Recorded data Start Marker

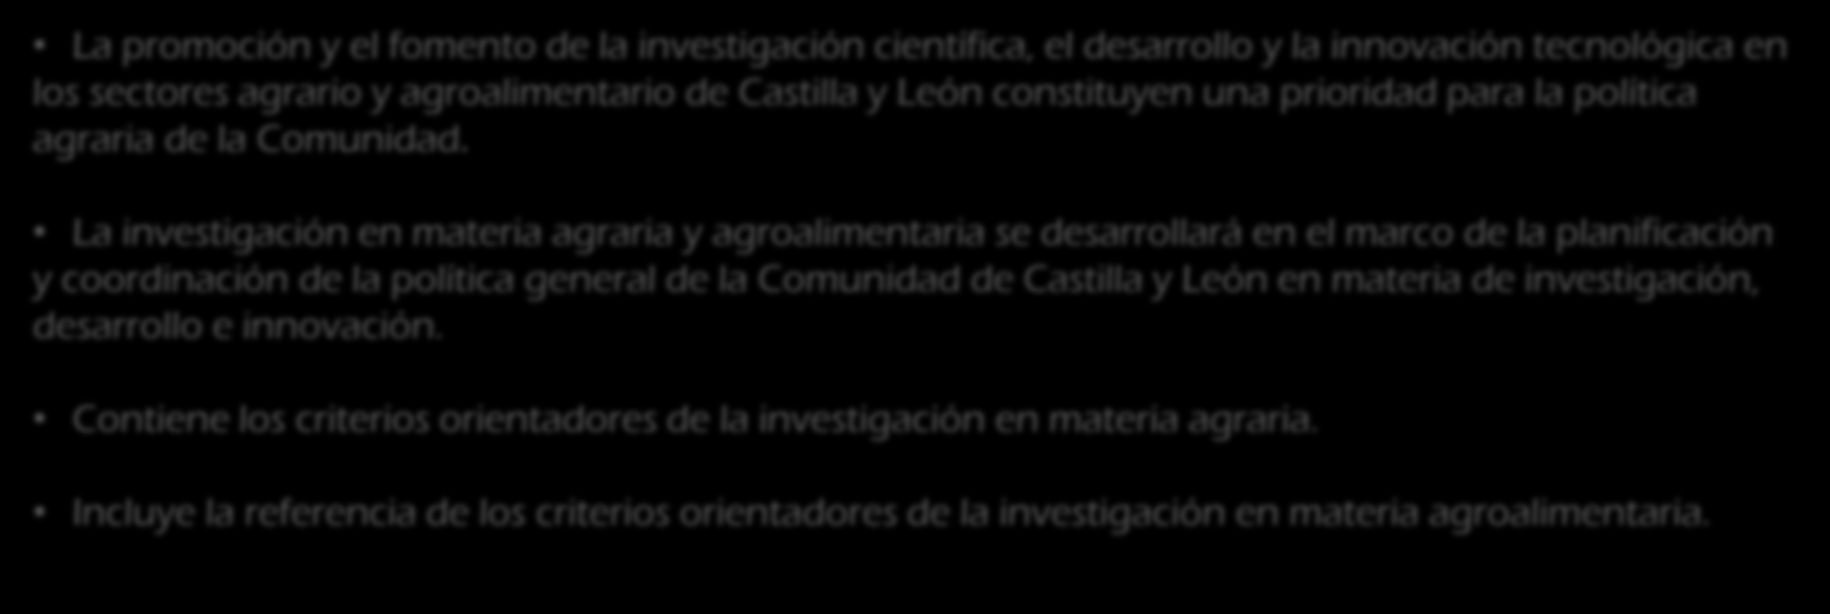 ESTRATEGIAS DE INVESTIGACIÓN E INNOVACIÓN EN CASTILLA Y LEÓN LEY 1/2014, DE 19 DE MARZO, AGRARIA DE CASTILLA Y LEÓN Libro I, Titulo II. Capítulo III.
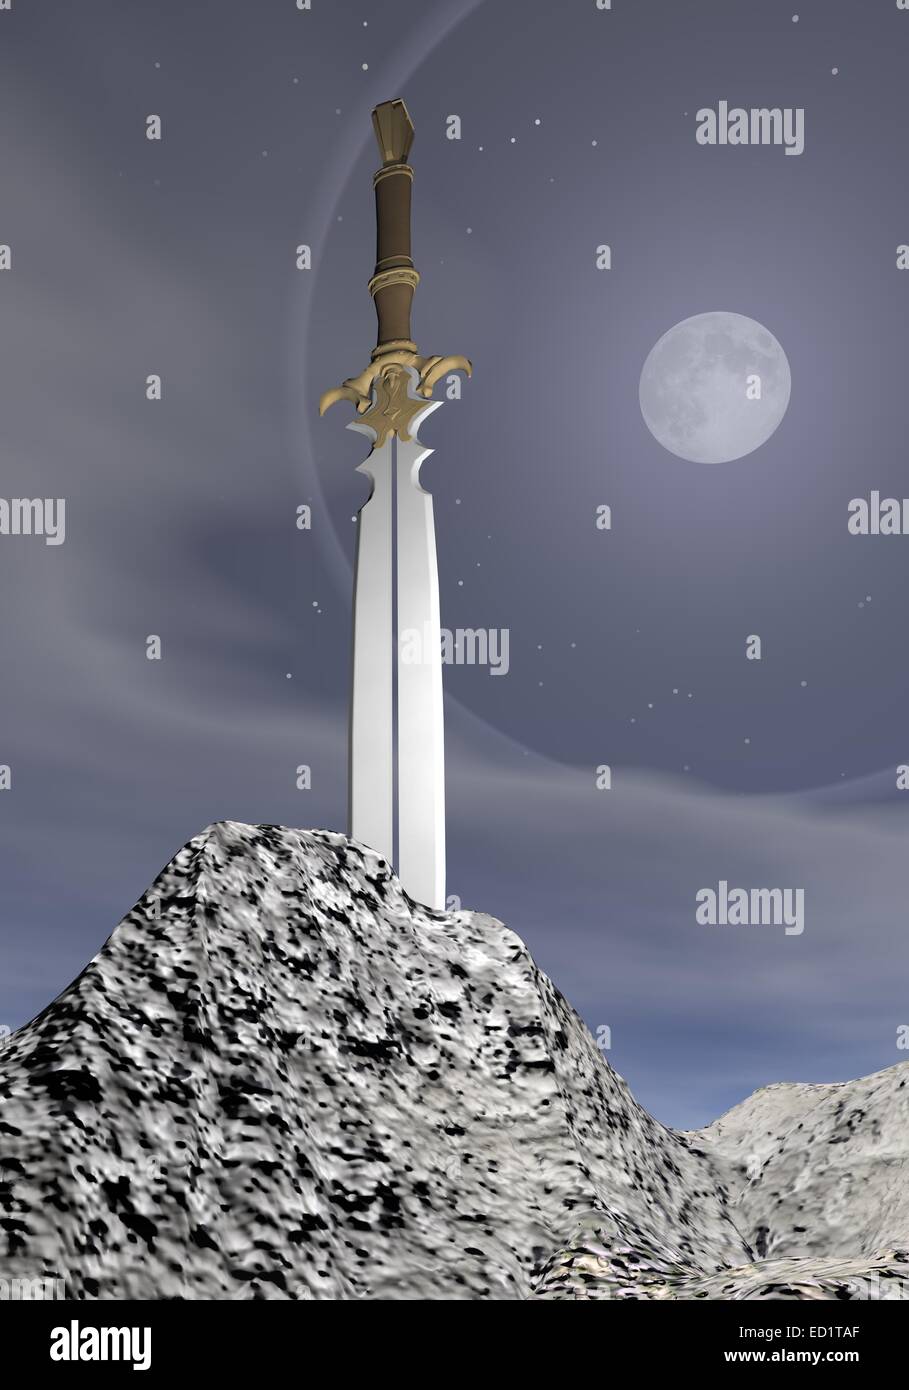 Épée magique coincé dans la roche par nuit de pleine lune avec gris Banque D'Images
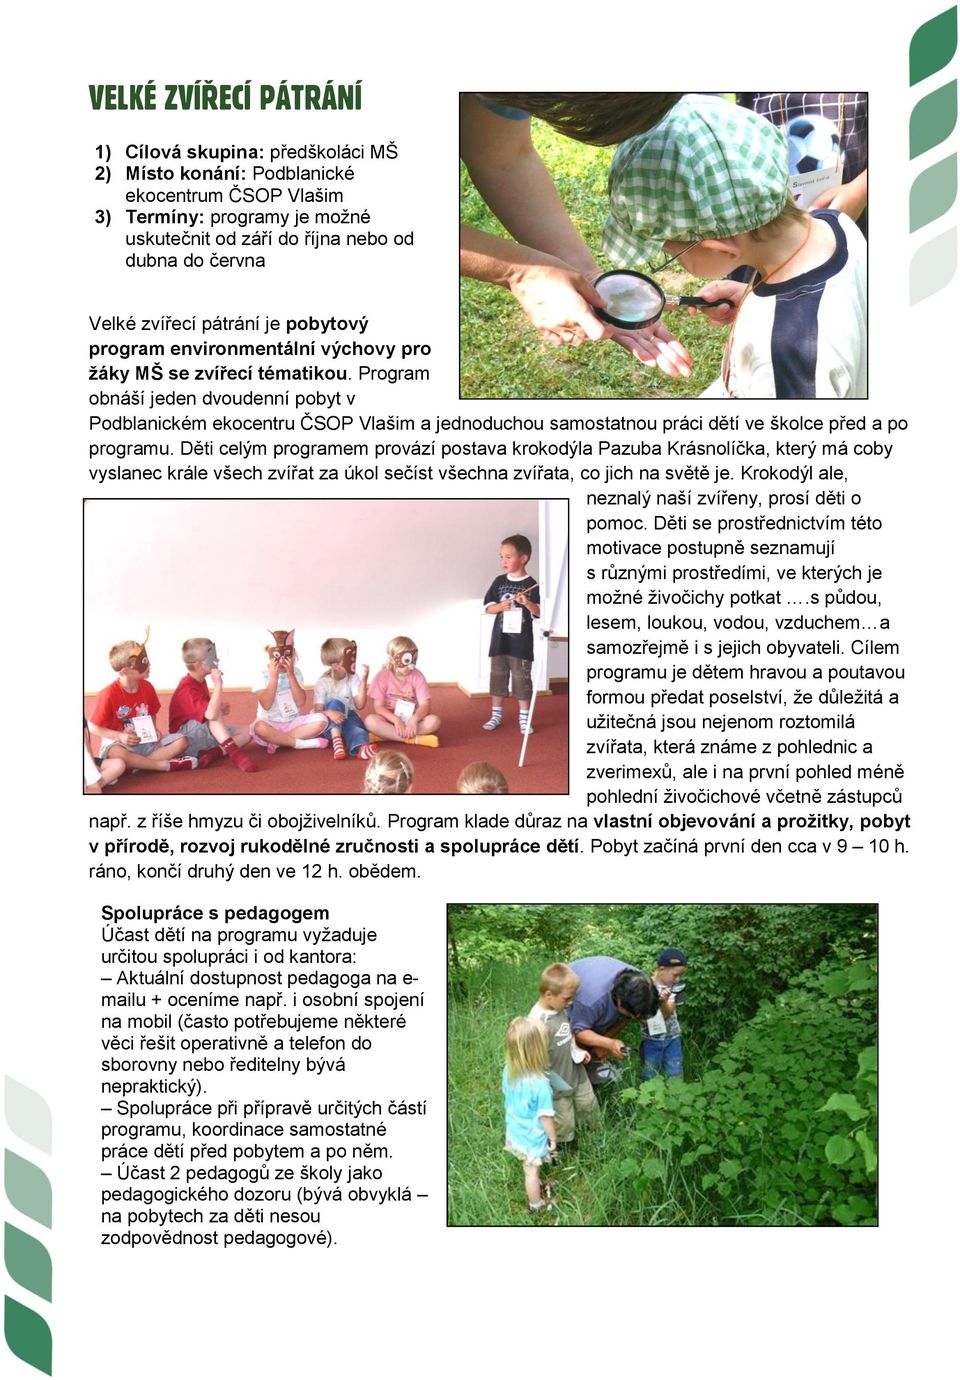 Program obnáší jeden dvoudenní pobyt v Podblanickém ekocentru ČSOP Vlašim a jednoduchou samostatnou práci dětí ve školce před a po programu.
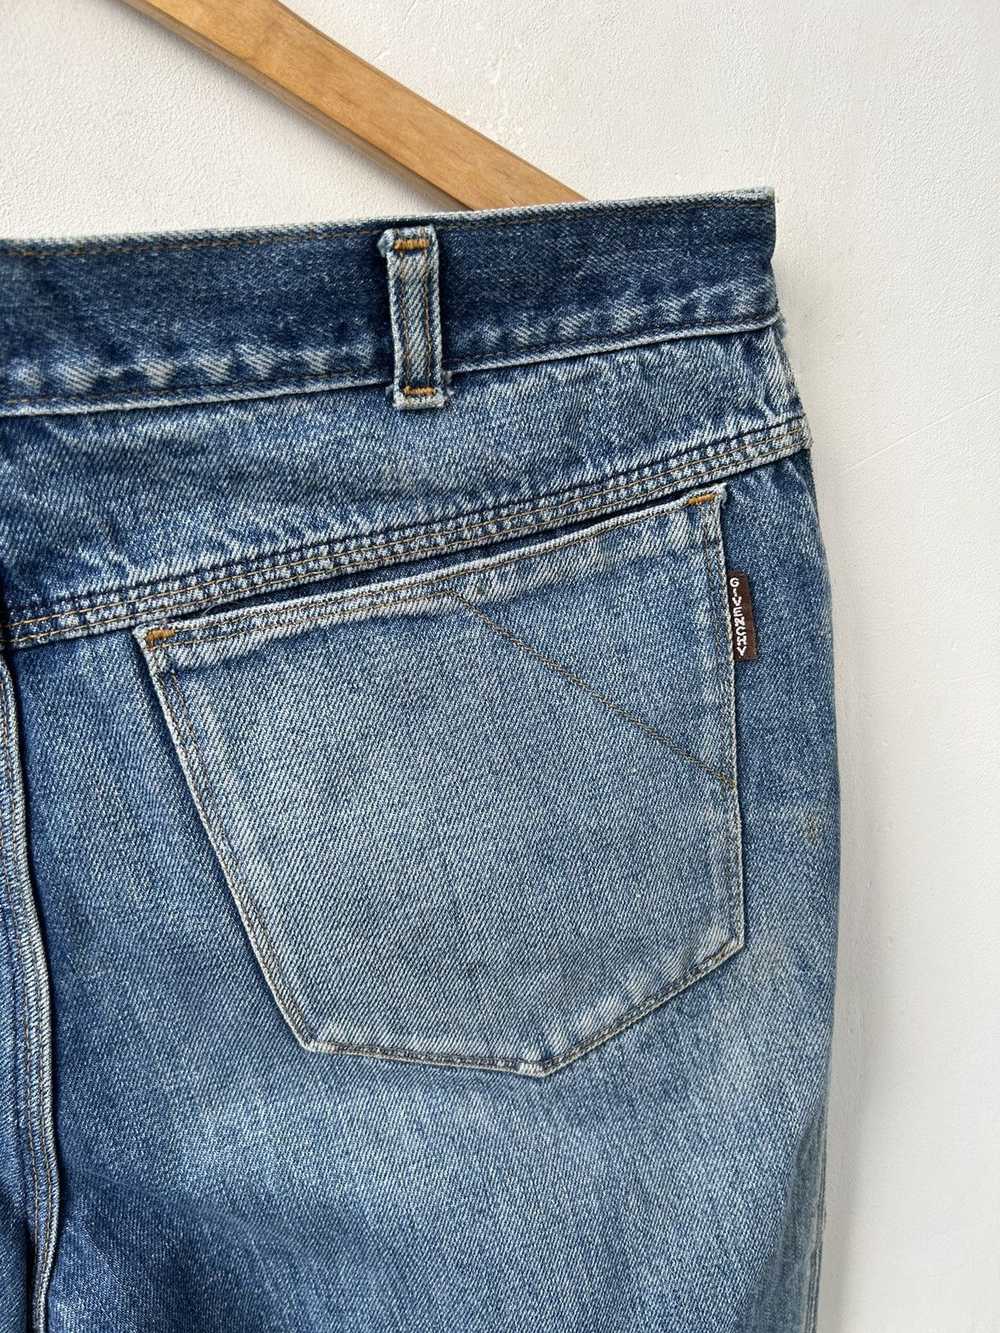 Givenchy × Streetwear × Vintage Vintage jeans - image 8

Recorded data End Marker

> **What is needed**
Reproduce the data above word for word, but leave the images out.

> **Written solution**
 ESTRATEGIAS DE INVESTIGACIÓN E INNOVACIÓN EN CASTILLA Y LEÓN LEY 1/2014, DE 19 DE MARZO, AGRARIA DE CASTILLA Y LEÓN Libro I, Titulo II. Capítulo III.
 Épée magique coincé dans la roche par nuit de pleine lune avec gris Banque D'Images
 Program obnáší jeden dvoudenní pobyt v Podblanickém ekocentru ČSOP Vlašim a jednoduchou samostatnou práci dětí ve školce před a po programu.
 Givenchy × Streetwear × Vintage Vintage jeans - image 8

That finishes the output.